With my Marathon all loaded up and ready to go, it's time to scale some apps! I did some quick back-of-the-envelope math and figured that the lower of my aggregate 80 CPUs divided by the CPU share of 0.01 (8000), or 274 total gigabytes divided by 32MB per task (8562) with a bit of safety margin, brings me to 7000 tasks. To make sure my tasks can pass their health checks, it's important to consider these resource reservation values the bare minimum in AWS environments, because you should never lie to the executor.
 
Let's talk about that . . .
 
Don't lie to the executor
 
I was standing around the water cooler discussing the scale tests with some of the Mesos core team members, and what topic came up but that of lying to the executor by understating the amount of resources needed for a test task. A co-worker overheard us talking and said, "Why wouldn't you lie to the executor? They're about to kill you!"
 
We explained to him that we were not talking about an executioner, but in fact the executor process that Mesos spawns to look over each soon-to-be container.
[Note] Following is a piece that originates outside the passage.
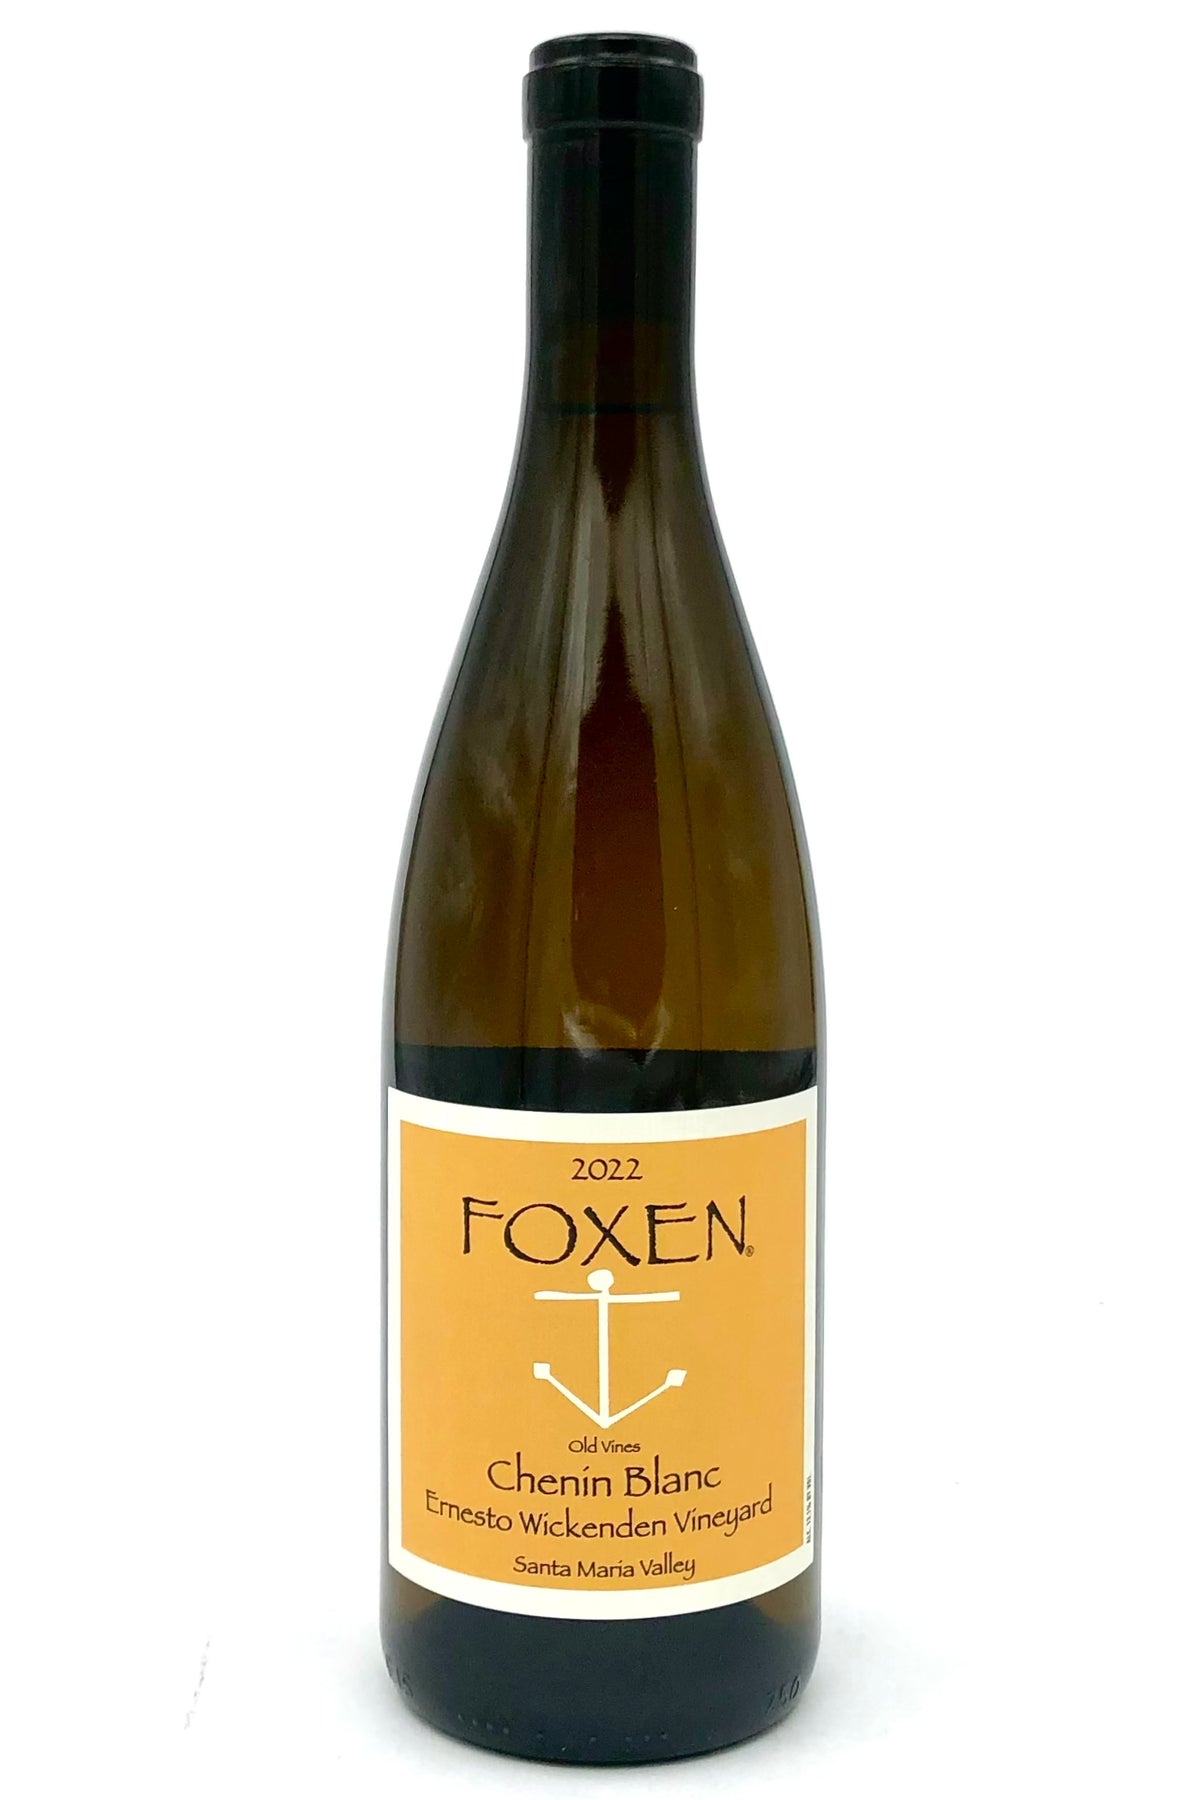 Foxen 2022 Old Vine Chenin Blanc Ernesto Wickenden Vineyard Santa Maria Valley
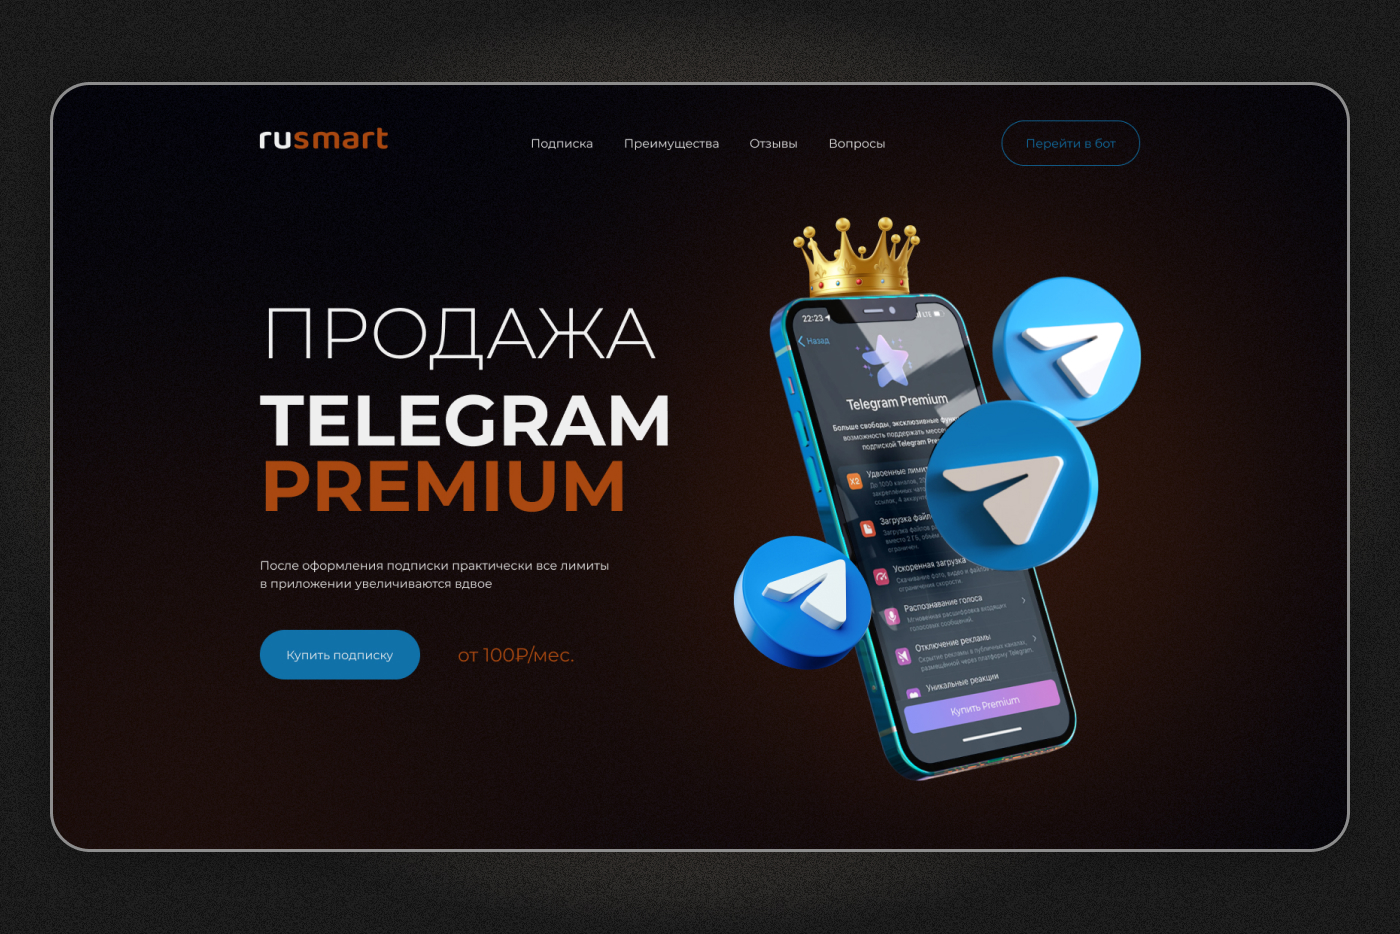 Скачать телеграмм премиум на андроид бесплатно последняя версия на русском языке фото 117

All joking aside, it's important to remember that the Docker executor and other processes need room and CPU cycles to support your tasks. Failing to give them enough room opens up the risk of the executor failing to make timely reports to Mesos, which in turn can result in the executor (and, thus, the task) being lost.
 
Here's a look at my app description (some objects removed for brevity):
 
{"id": "/python","cmd": "python -m SimpleHTTPServer $PORT0","instances": 7000,"cpus": 0.01,"mem": 32,"container": {  "type": "DOCKER",  "docker": {    "image": "python:2-alpine"  }},"healthChecks": [  {    "path": "/",    "protocol": "HTTP",    "portIndex": 0,    "gracePeriodSeconds": 100,    "intervalSeconds": 20,    "timeoutSeconds": 20,    "maxConsecutiveFailures": 3,    "ignoreHttp1xx": false  }],"upgradeStrategy": {  "minimumHealthCapacity": 0.8,  "maximumOverCapacity": 0.2  }}
 
This is found at the Marathon REST API, accessible at http://<dcos-url>/service/marathon/v2/apps. A full specification of the API can be found here.
 
Protip: I've tweaked my upgradeStrategy to allow more pain-free upgrades and restarts. By allowing less than 1 minimumHealthCapacity, I'm enabling the cluster to remove a small number of tasks before their replacements are online. With maximumOverCapacity less than 1, I'm preventing the cluster from over-reaching by trying to start an entire 7,000 task armada prior to letting the old tasks go in an upgrade scenario.
 
Finish line and final notes
 
Scaling up to 7,000 tasks was quick and painless with this recipe. In a few minutes, I had an army of Docker containers serving anything I need.
 
 
I'll share a few final notes about this configuration:
 
I'm using tighter than usual healthChecks because I'm launching a lot of Dockers simultaneously on the nodes over a period of time, and we want to make sure that any fails are detected and cleaned early.
It's important to be careful about setting the container's cpu and mem to sensible values for your hardware or VMs.